Creating a DeepProg model using an ensemble of submodels

Secondly, we will build a more complex DeepProg model constituted of an ensemble of sub-models each originated from a subset of the data. For that purpose, we need to use the SimDeepBoosting class:

from simdeep.simdeep_boosting import SimDeepBoosting

help(SimDeepBoosting)

from collections import OrderedDict


path_data = "../examples/data/"
# Example tsv files
tsv_files = OrderedDict([
          ('MIR', 'mir_dummy.tsv'),
          ('METH', 'meth_dummy.tsv'),
          ('RNA', 'rna_dummy.tsv'),
])

# File with survival event
survival_tsv = 'survival_dummy.tsv'

project_name = 'stacked_TestProject'
epochs = 10 # Autoencoder epochs. Other hyperparameters can be fine-tuned. See the example files
seed = 3 # random seed used for reproducibility
nb_it = 5 # This is the number of models to be fitted using only a subset of the training data
nb_threads = 2 # These treads define the number of threads to be used to compute survival function

boosting = SimDeepBoosting(
    nb_threads=nb_threads,
    nb_it=nb_it,
    split_n_fold=3,
    survival_tsv=survival_tsv,
    training_tsv=tsv_files,
    path_data=path_data,
    project_name=project_name,
    path_results=path_data,
    epochs=epochs,
    seed=seed)

# Fit the model
boosting.fit()
# Predict and write the labels
boosting.predict_labels_on_full_dataset()
# Compute internal metrics
boosting.compute_clusters_consistency_for_full_labels()
# COmpute the feature importance
boosting.compute_feature_scores_per_cluster()
# Write the feature importance
boosting.write_feature_score_per_cluster()

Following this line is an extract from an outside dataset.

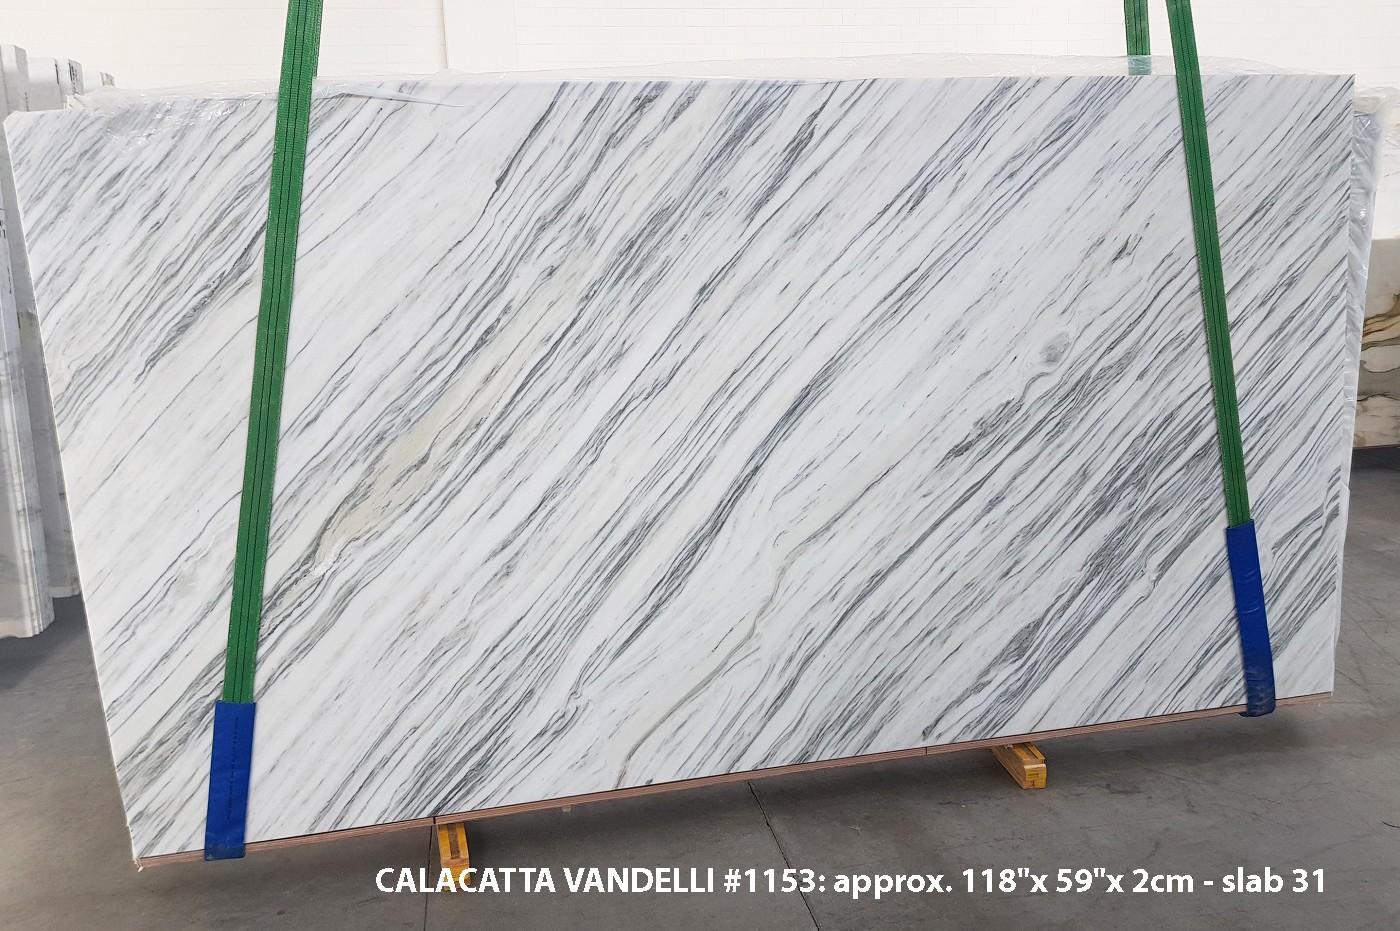 Calacatta Vandelli Suministro Veneto (Italia) de planchas pulidas en mármol natural 1153 , Slab #31
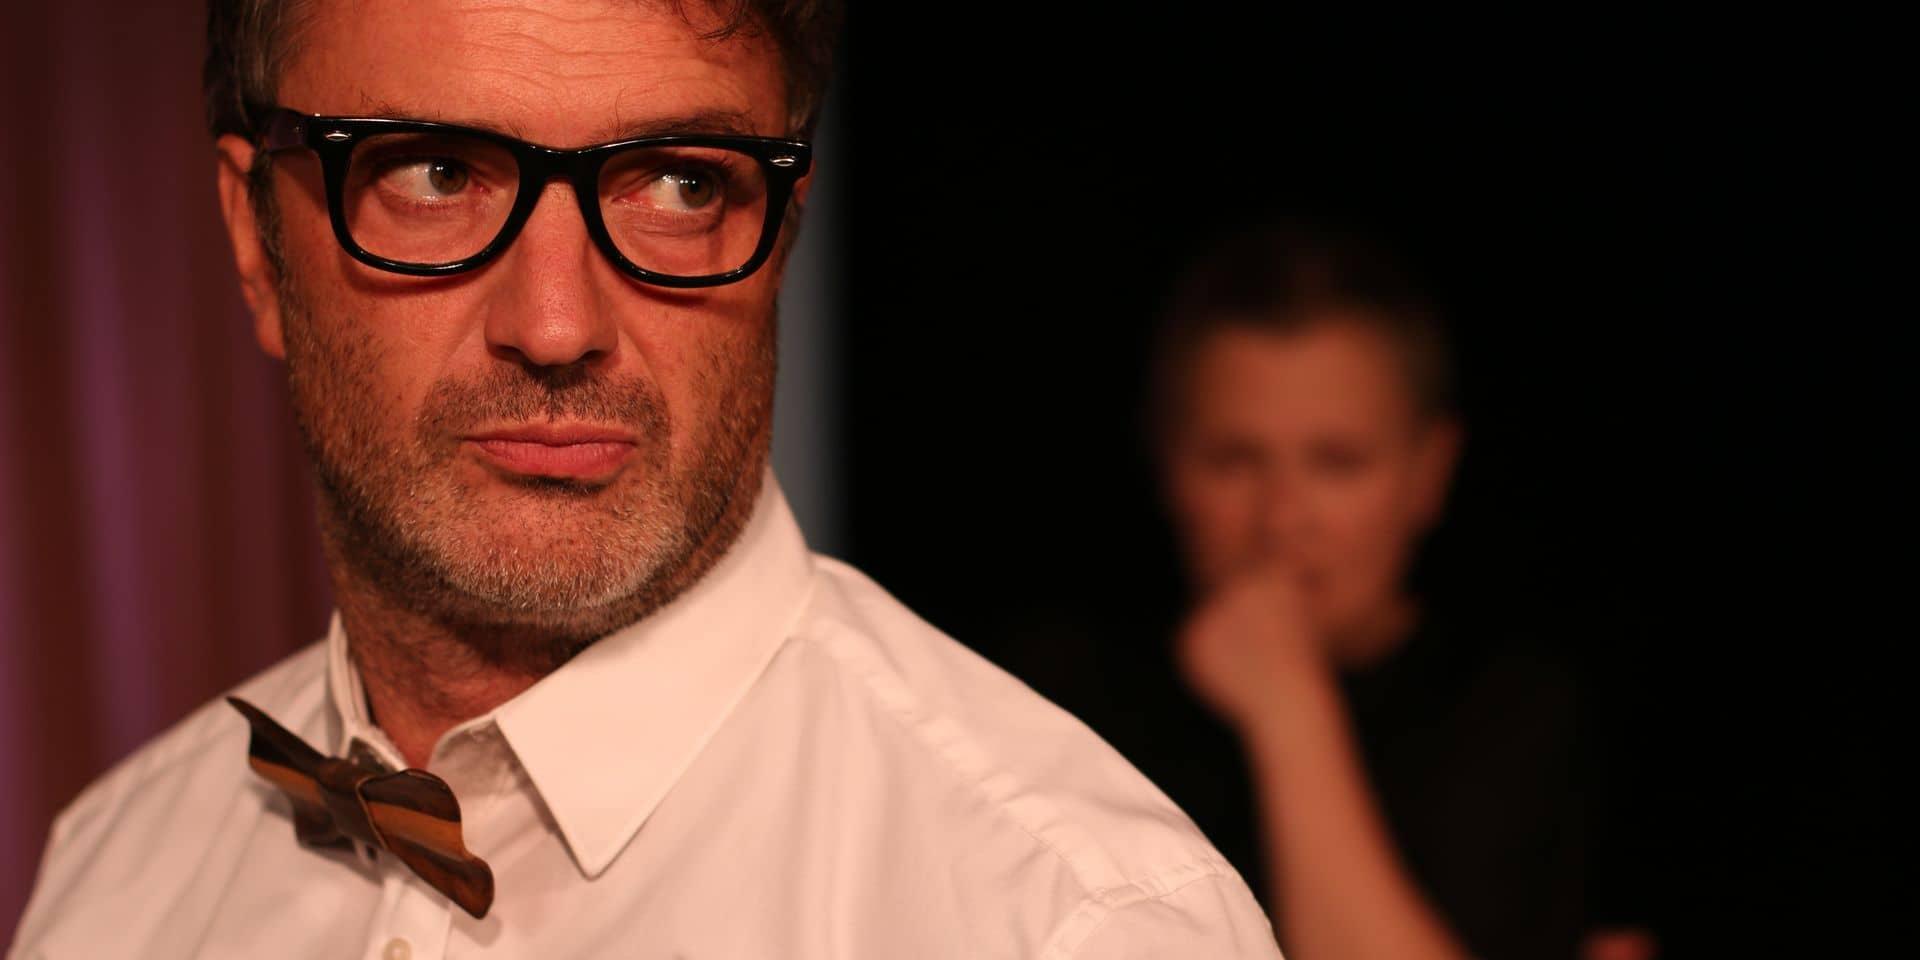 """Le cri d'urgence d'un comédien en colère: """"Cela commence tous à nous dégoûter profondément"""""""

boosting.load_new_test_dataset(
    {'RNA': 'rna_dummy.tsv'}, # OMIC file of the test set. It doesnt have to be the same as for training
    'TEST_DATA_1', # Name of the test test to be used
    'survival_dummy.tsv', # [OPTIONAL] Survival file of the test set
)

# Predict the labels on the test dataset
boosting.predict_labels_on_test_dataset()
# Compute C-index
boosting.compute_c_indexes_for_test_dataset()
# See cluster consistency
boosting.compute_clusters_consistency_for_test_labels()

# [EXPERIMENTAL] method to plot the test dataset amongst the class kernel densities
boosting.plot_supervised_kernel_for_test_sets()

Creating a distributed DeepProg model using an ensemble of submodels

We can allow DeepProg to distribute the creation of each submodel on different clusters/nodes/CPUs by using the ray framework. The configuration of the nodes / clusters, or local CPUs to be used needs to be done when instanciating a new ray object with the ray API. It is however quite straightforward to define the number of instances launched on a local machine such as in the example below in which 3 instances are used.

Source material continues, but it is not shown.